On lowering costs without lowering quality: There are some things within the U.S. healthcare system that could be done in a more automated, routine way. An example would be immunization. That kind of service could be removed from the typical physician-patient interaction and could be moved to the retail clinic. That doesn't seem huge, but it's those types of things that will lead to significant savings.
On the role of technology in healthcare: With patient-centric care, patients have to give more consideration to what options are available to them and how to improve their overall health. They need that information to be available to them, so we become a knowledge-driven healthcare system. And at the center of that knowledge is information technology. Access to complete personal health records that have all the patient's information is vital.
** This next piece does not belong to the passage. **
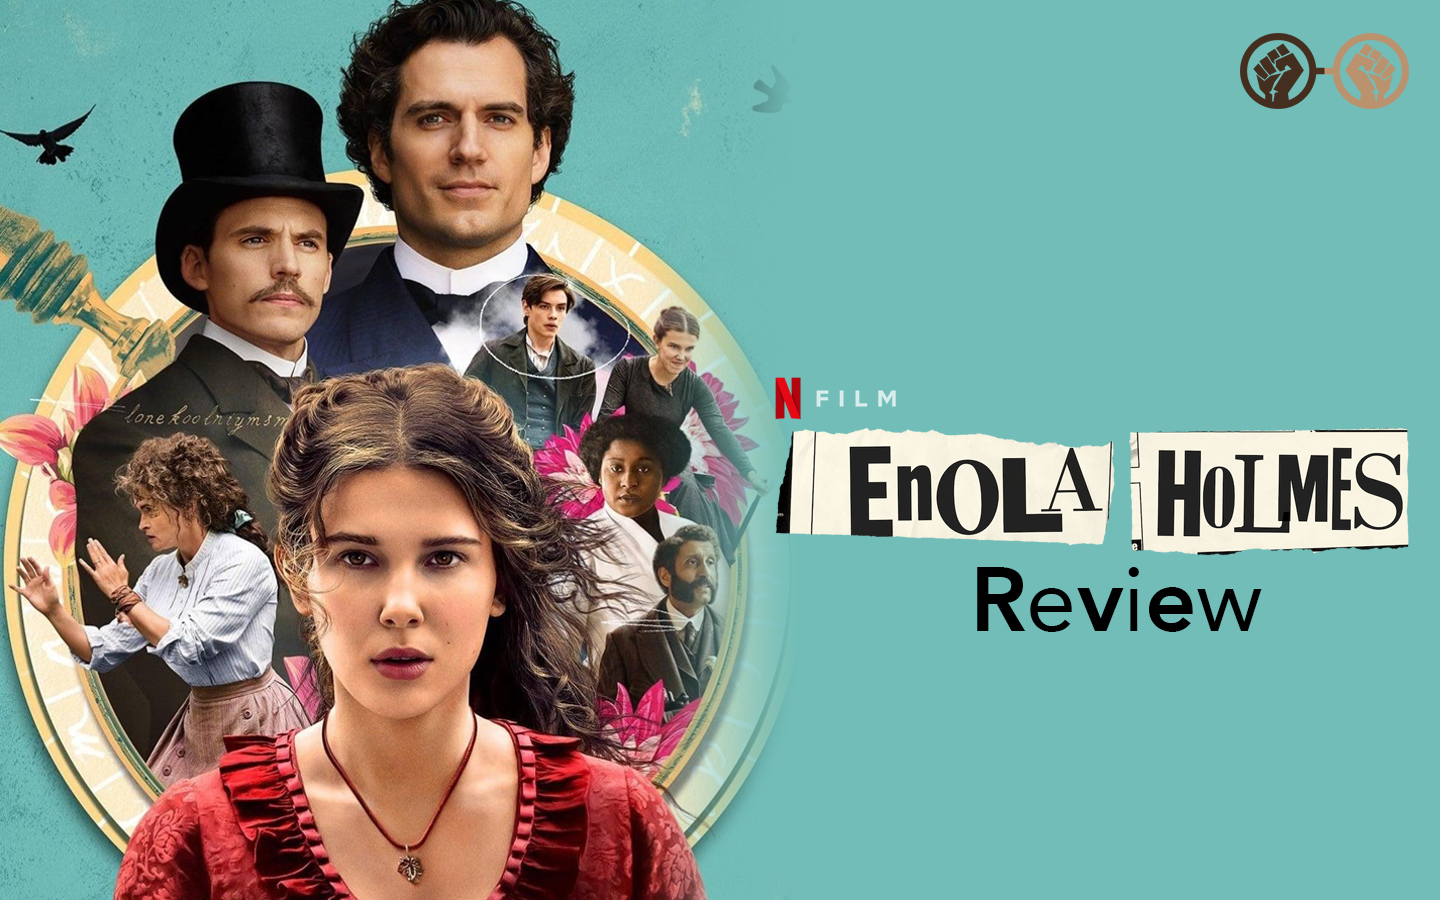 Millie Bobby Brown is a Charismatic Lead in the Delightful and Fun ‘Enola Holmes’ – Review
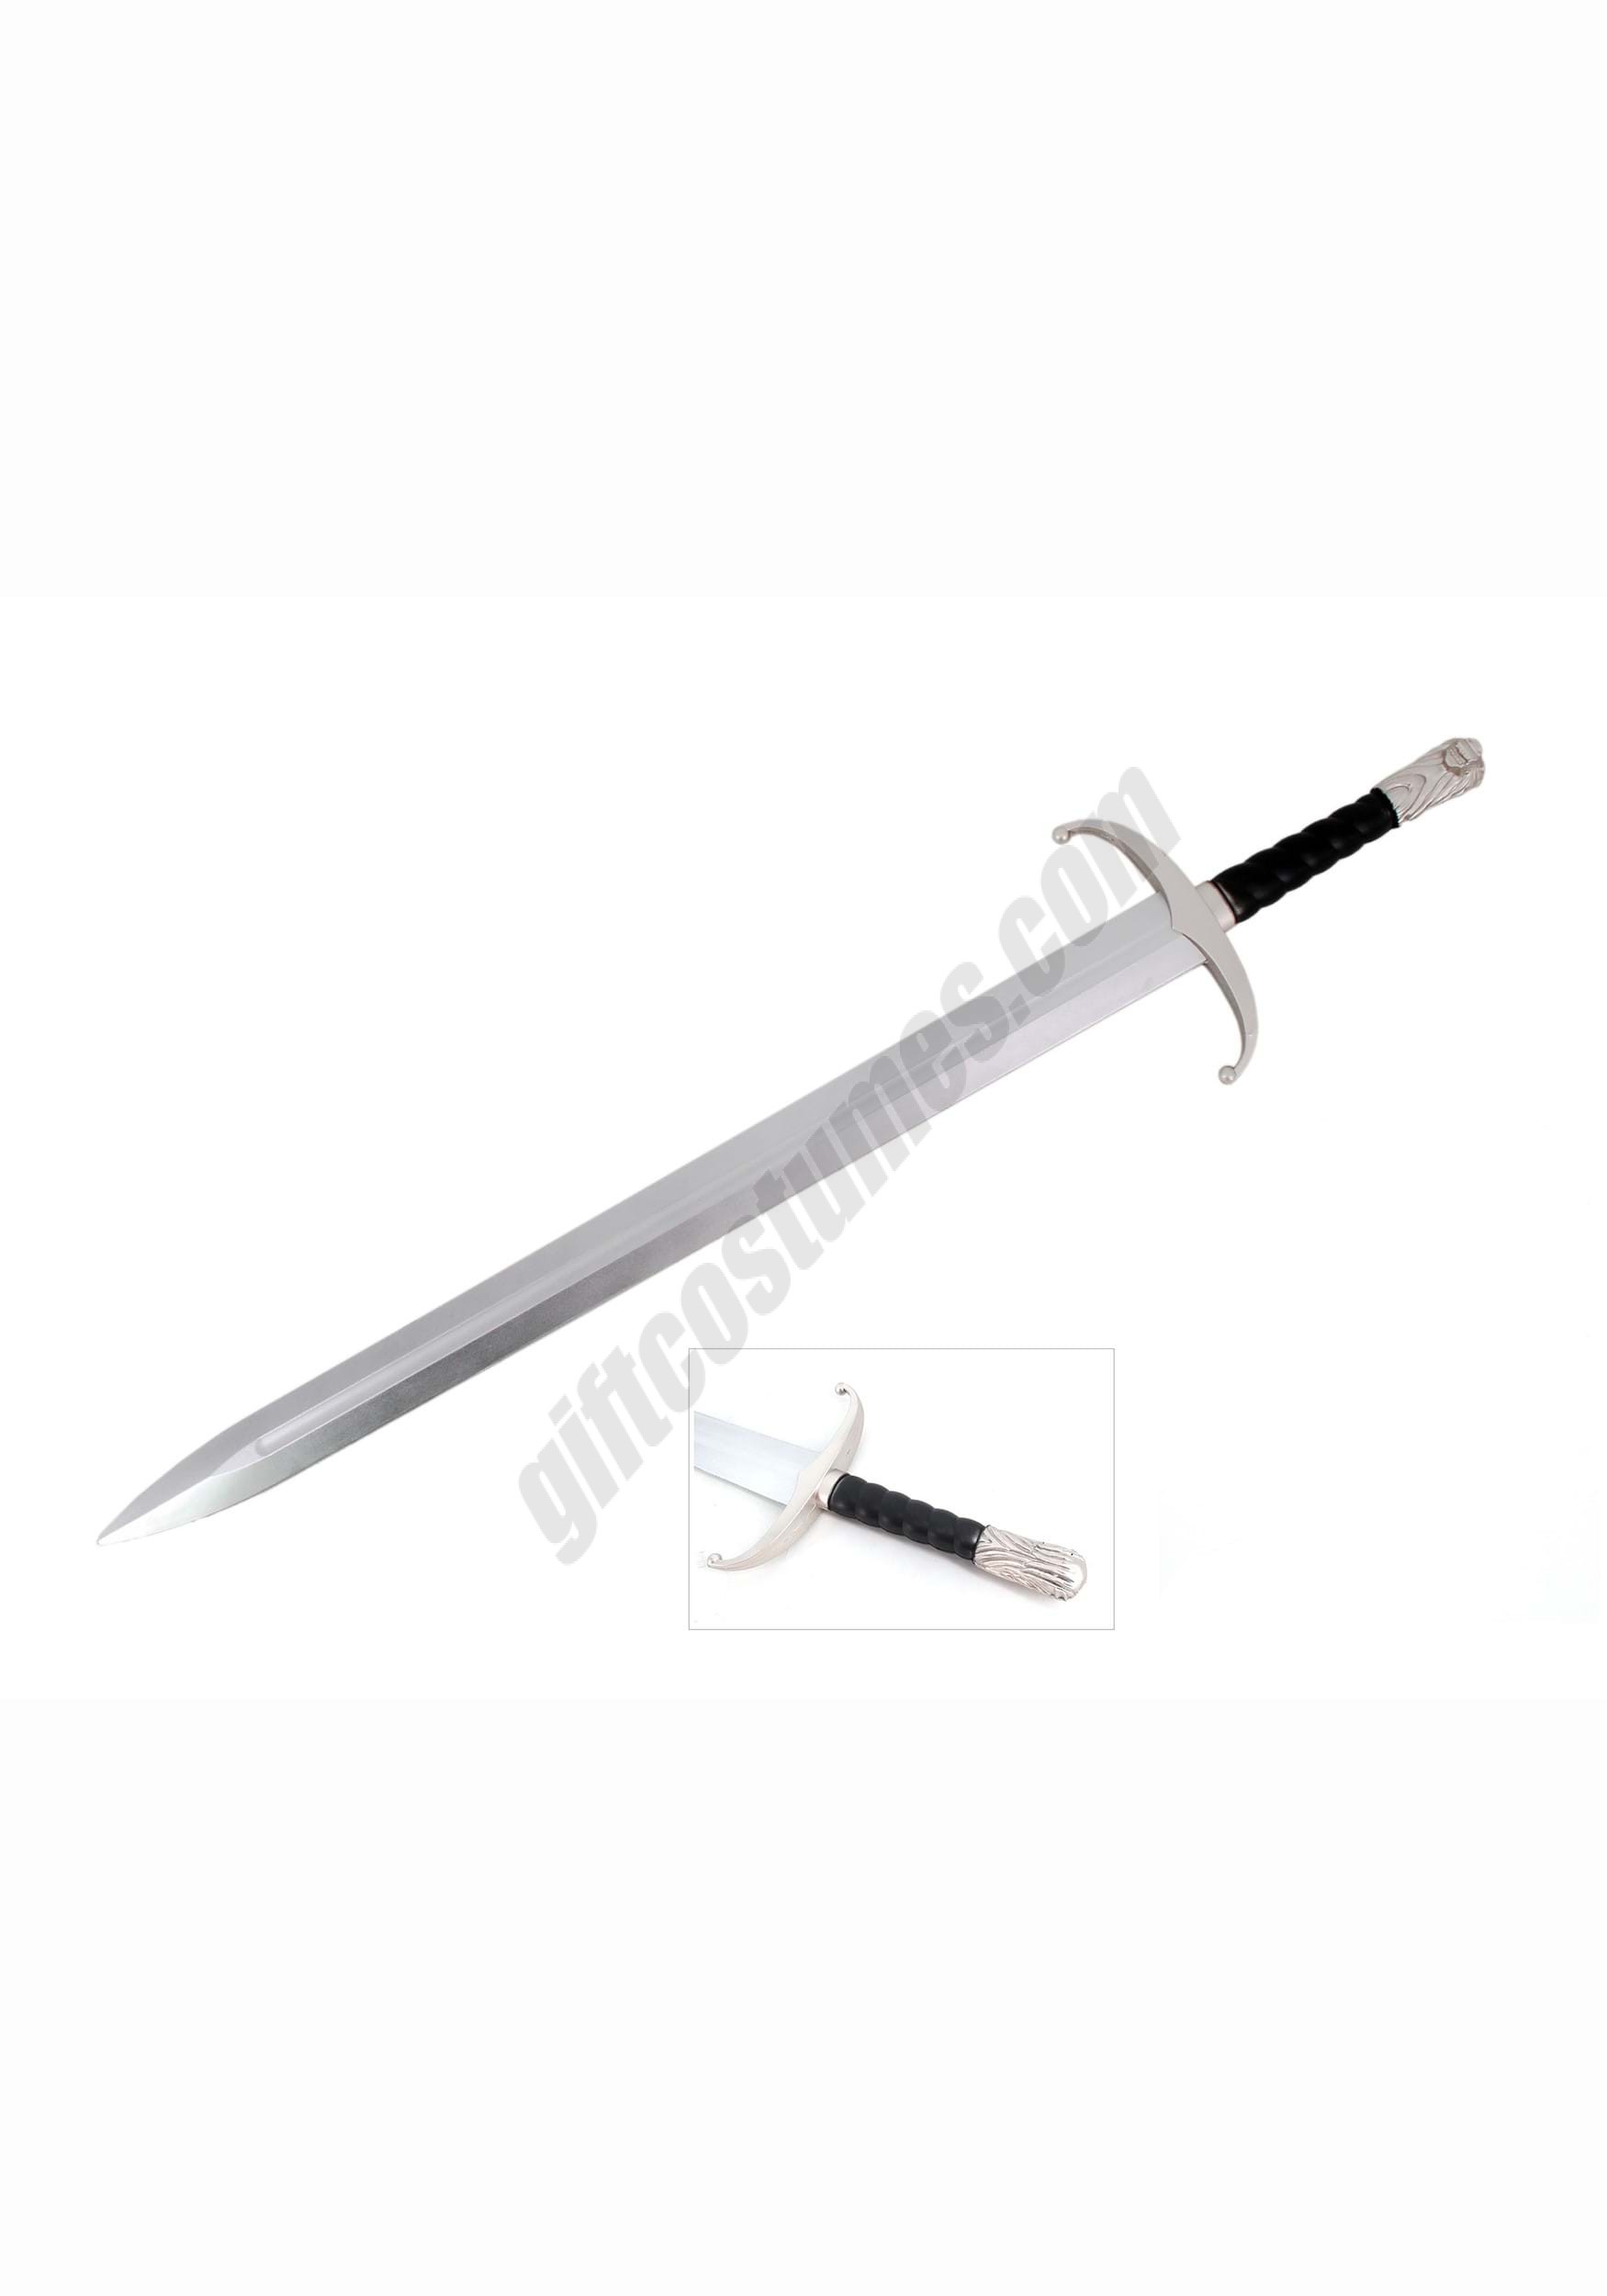 Northern King Sword Costume Accessory Promotions - Northern King Sword Costume Accessory Promotions

Right now as patients or consumers we really don't have the information we need to make informed decisions.
On reducing medical errors: The vast majority of medical errors can be managed with more standardized mechanisms for checking and validating patients and their conditions. One thing technology can do is reduce even the simplest order entry errors. Very basic forms of technology can make a huge difference, like e-prescribing, barcoding, and other ways of checking that patients are who you think they are or making sure the information you get in the ICU or the OR is correct.
On the shift to a consumer-driven healthcare model: Under our current model, physicians do whatever tests they want, give you a diagnosis, and at the end of that transaction is a prescription. If they want you to have a chest X-ray, then you have a chest X-ray. But if you are paying for that directly, under the consumer-driven model, you'll want to know why you need the X-ray. It's going to change the dynamic completely. The question is: What's the mountain we have to climb to get to this end point? The hurdle from where we are now to a consumer-driven market is huge, and there may even be a period where we have to raise costs and put more money into the system just to create a consumer market.